Provided entries below:
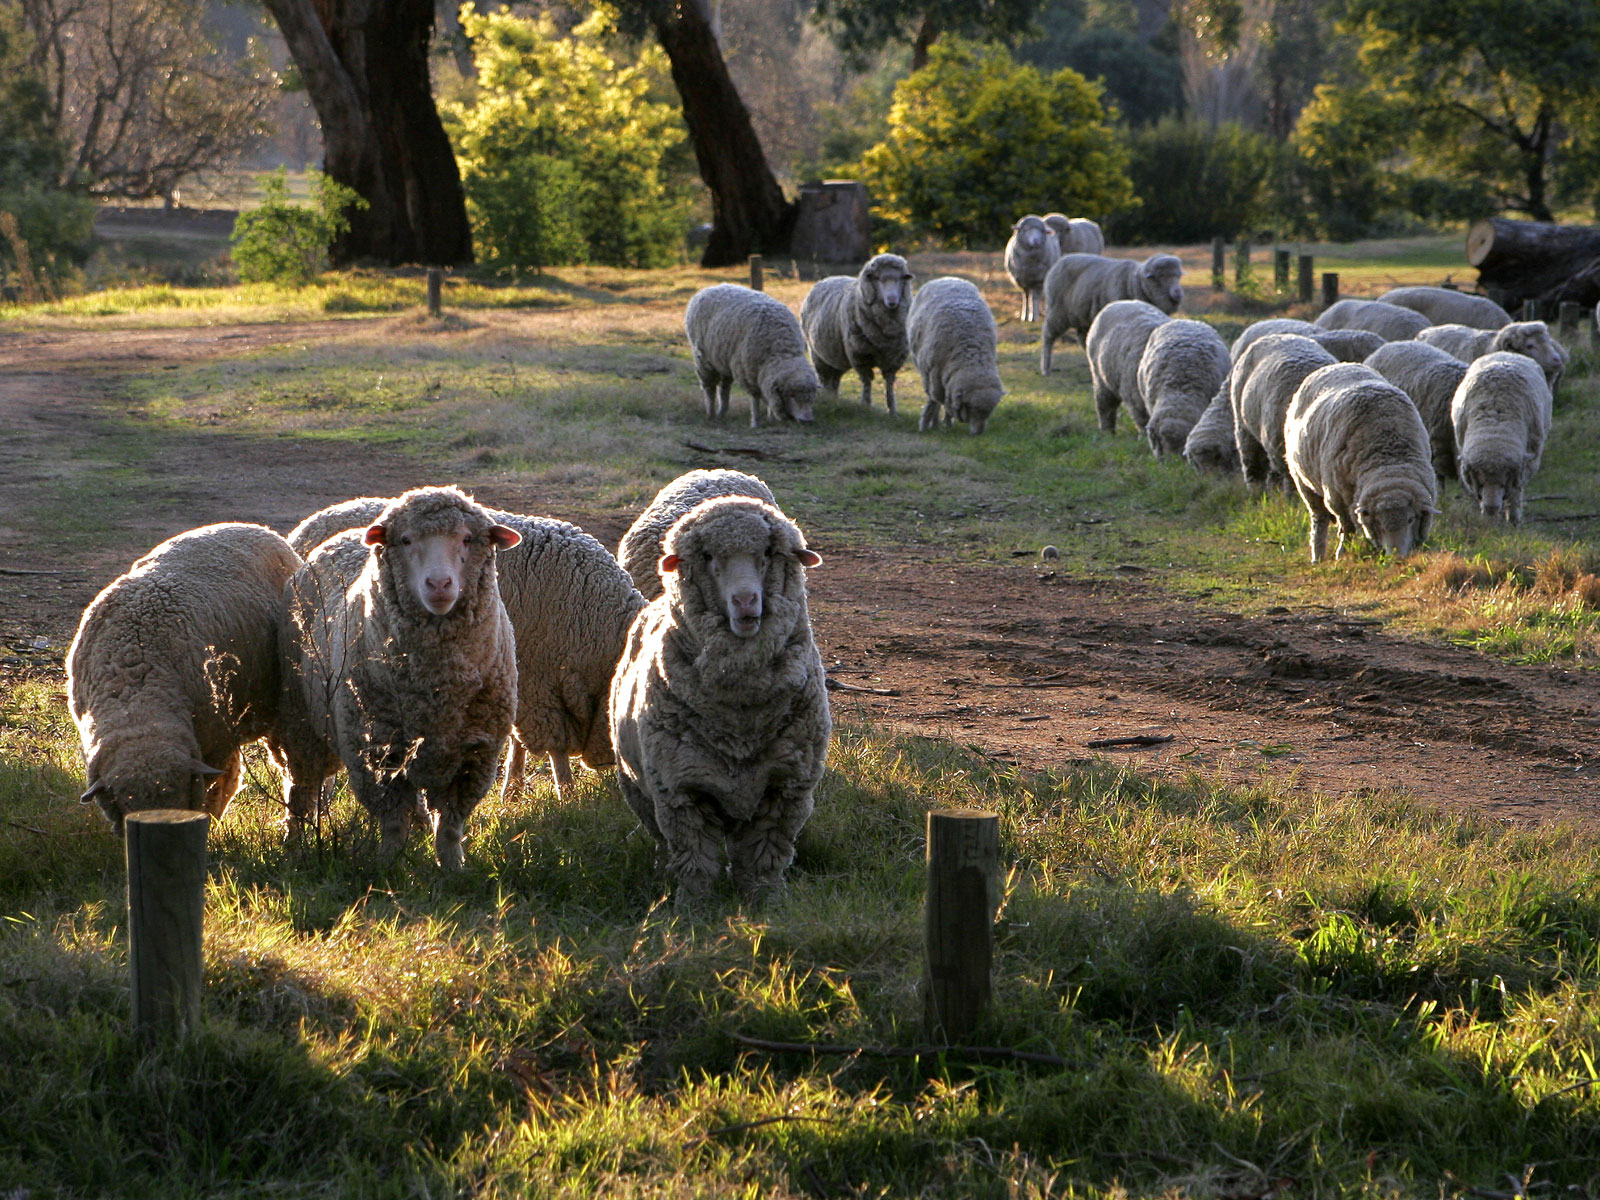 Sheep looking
End of Provided entries.
Provided entries below:
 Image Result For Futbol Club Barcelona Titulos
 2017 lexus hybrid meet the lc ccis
End of Provided entries.
**Exercise requirements**:
Only the lines above starting at the line that holds "Image Result For" and ending at the line that holds "2017 lexus hybrid meet the lc ccis" are to be repeated, exactly and in full.

**Exercise result**:
 Image Result For Futbol Club Barcelona Titulos
 2017 lexus hybrid meet the lc ccis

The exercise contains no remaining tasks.